OldCoach-thank you for the update. I do not intend to use the saw much just the occasional home owner type stuff. With that being said, the dust collection is no big deal to me, I will likely never hook it up.

My wife has recently asked me to build a coffee table, 2 end tables, and a buffet bar which I did with a 15+ year old Benchtop 8 1/4 that is just extremely basic and functions but that is about it. At some point, which dad never did use it when he had it, there have been several pieces go missing so all I basically have is the saw itself, none of the extra fences or clamps or even the miter set screw. But now she is wanting me to build a crib, changing table and dresser for our upcoming child and after I realized just how basic mine was, it was time to buy a new one.

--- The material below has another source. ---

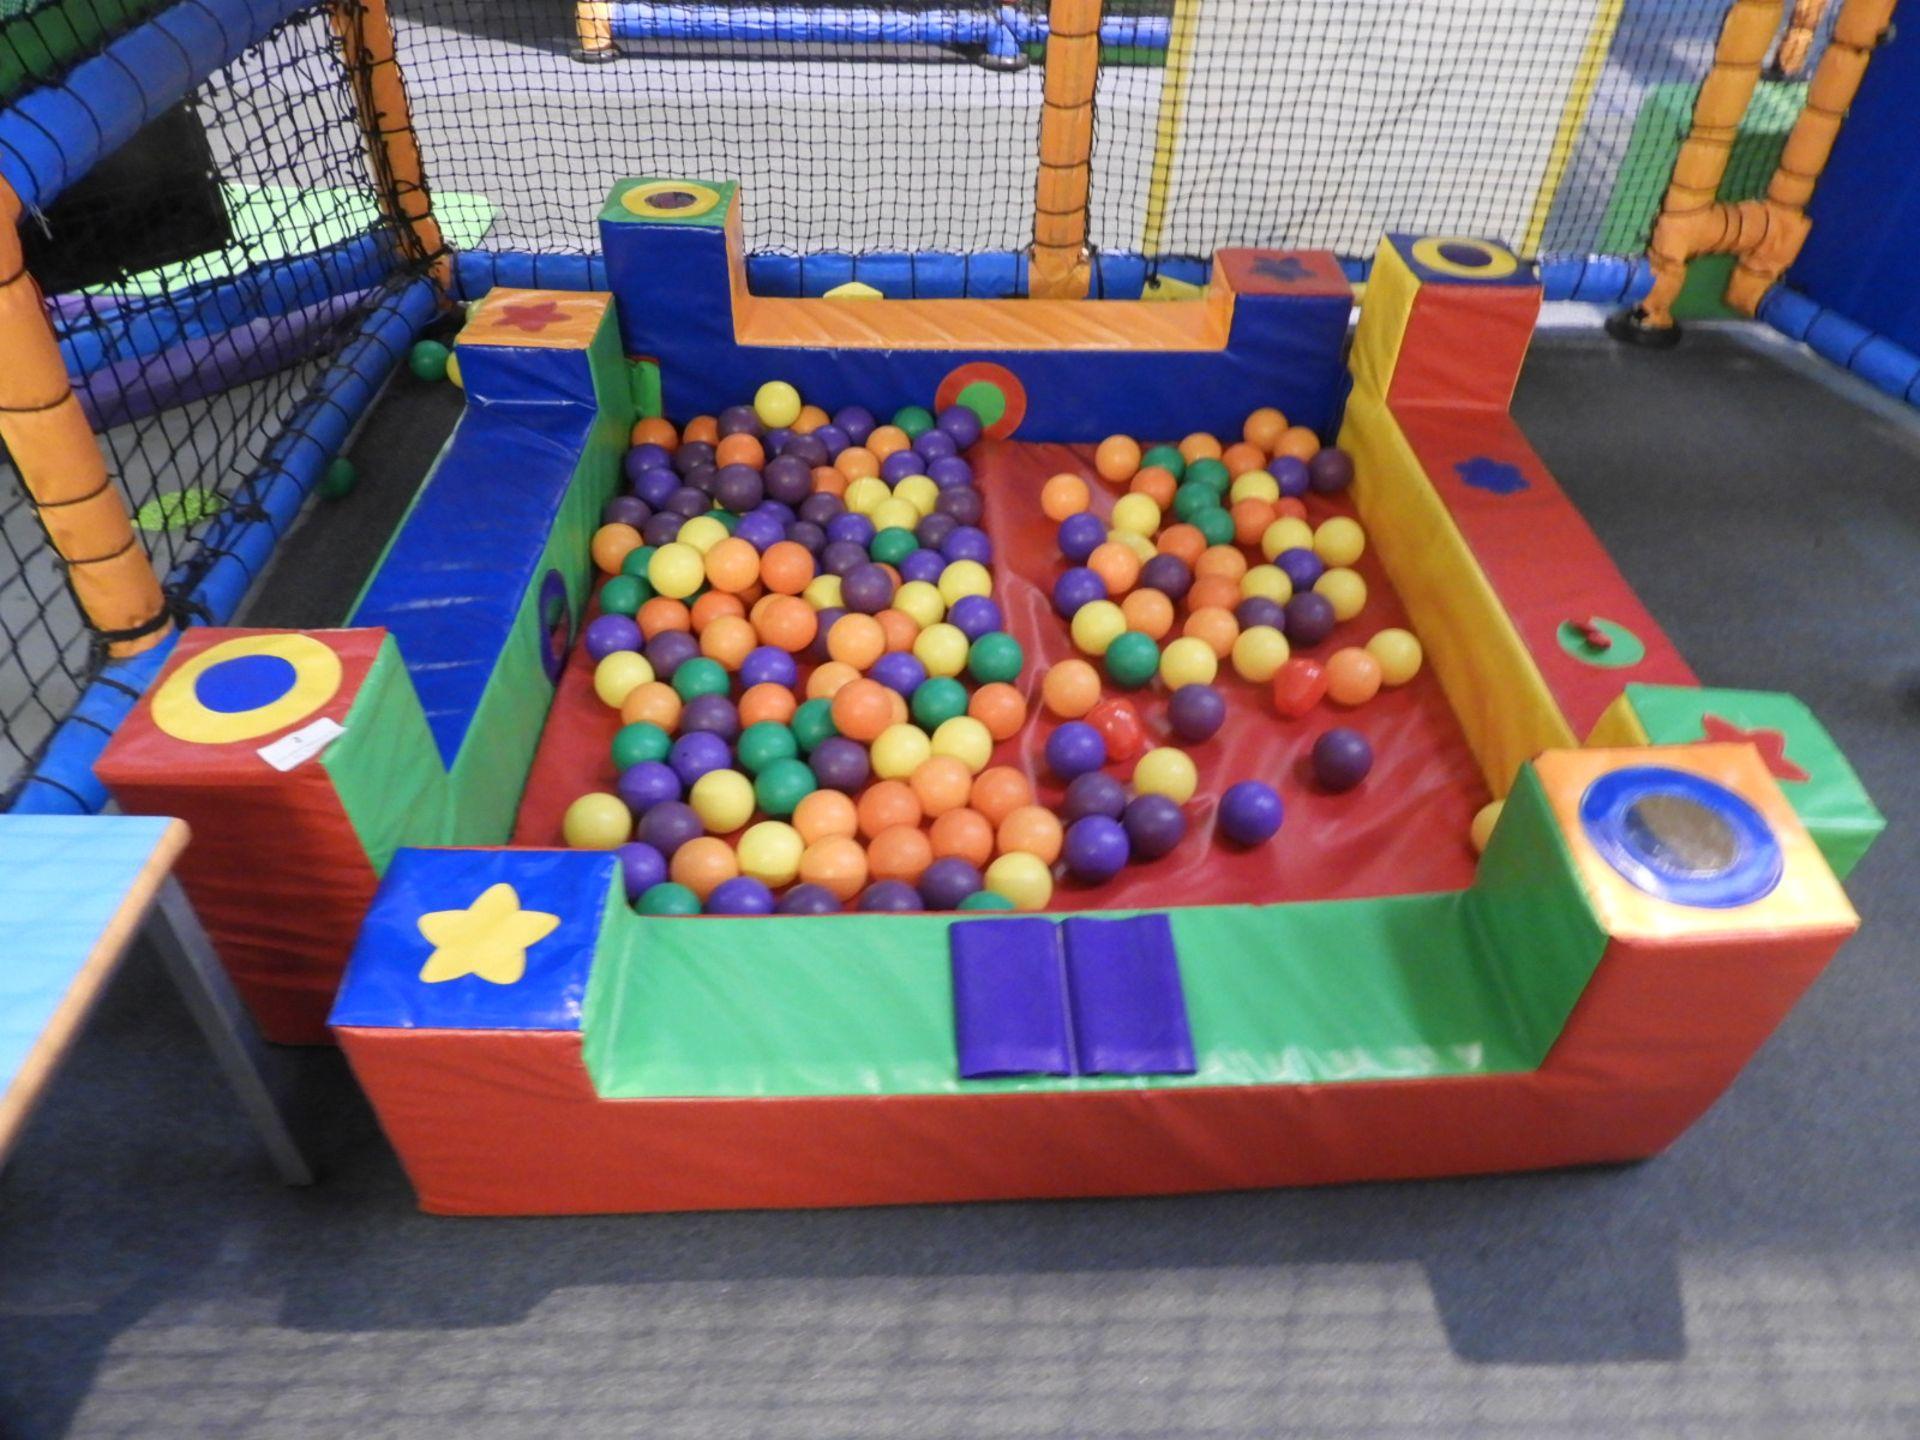 Lot 2 - *Children's Ball Pool
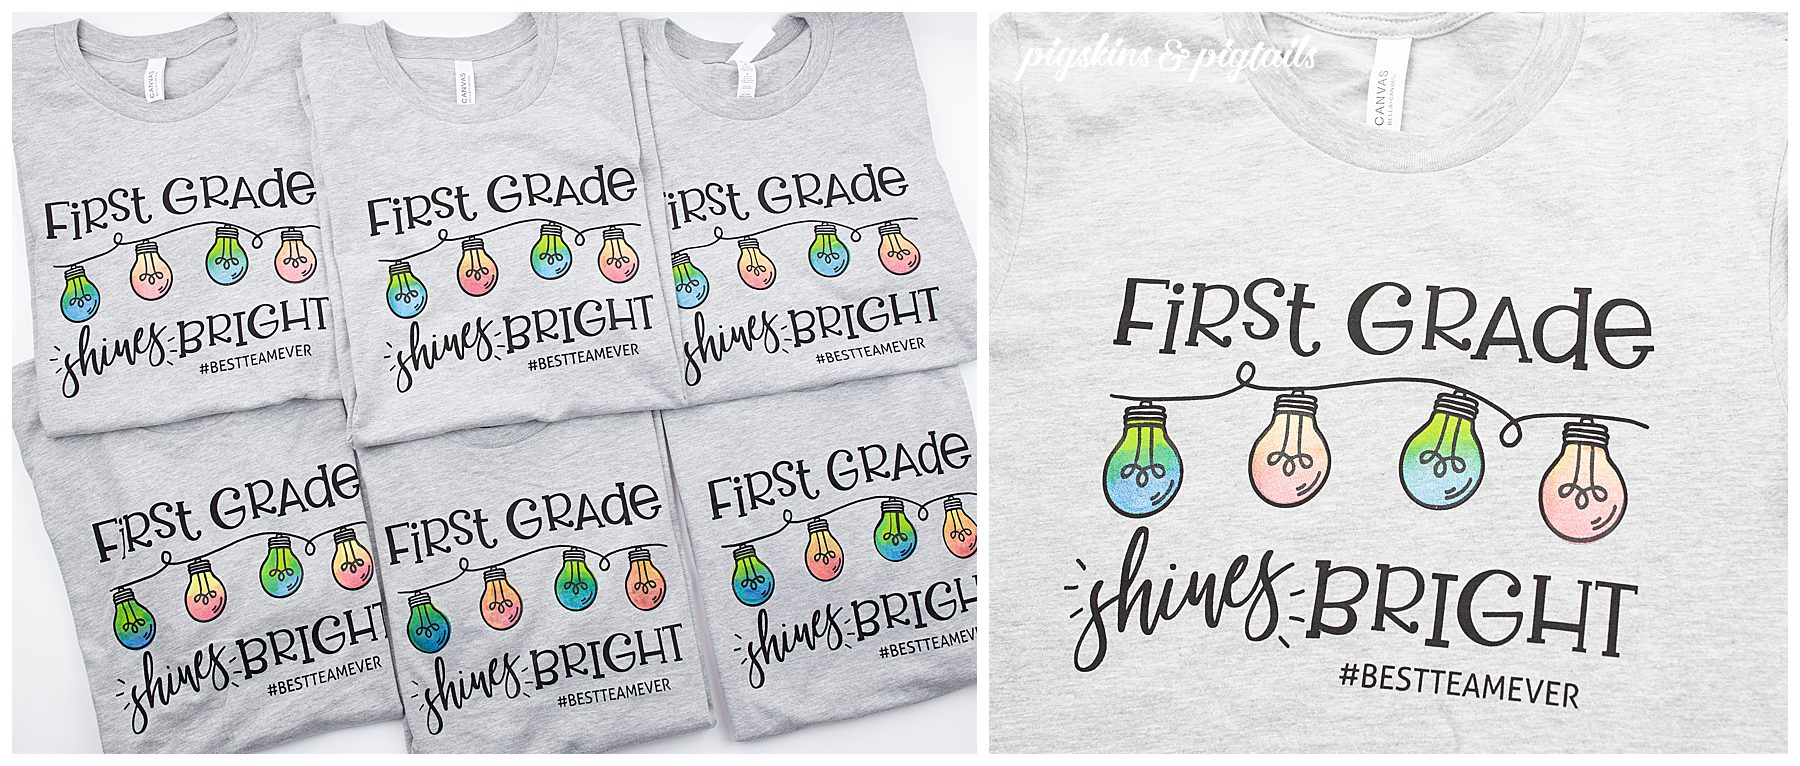 First grade team shirts shine bright light bulbs screen printing vinyl

If this saw is good and precise, which from your review it seems to be, it could very well be the best bang for the buck. I plan to buy an arbor laser for it just basically since I think it could assist and it is a fairly cheap add-on for about $20.

I appreciate the update and I plan to buy mine tonight. Thanks for all the input.


----------



## BenDupre

Fwiw the Masterforce has a laser. Still $30 cheaper the northern tool version is better value. I have an irwin laser on my HF and it is always dead on. Only drawback is it only marks the left side of the cut.


----------



## sjonesy1

The masterforce I would have to pay shipping (they do not offer a ship to store and the closest one is 1.5hr one way away) which was 21 and I'd have to pay sales tax too where there is one in my state. There is not a northerntool in my state so I dont have to pay sales tax on it.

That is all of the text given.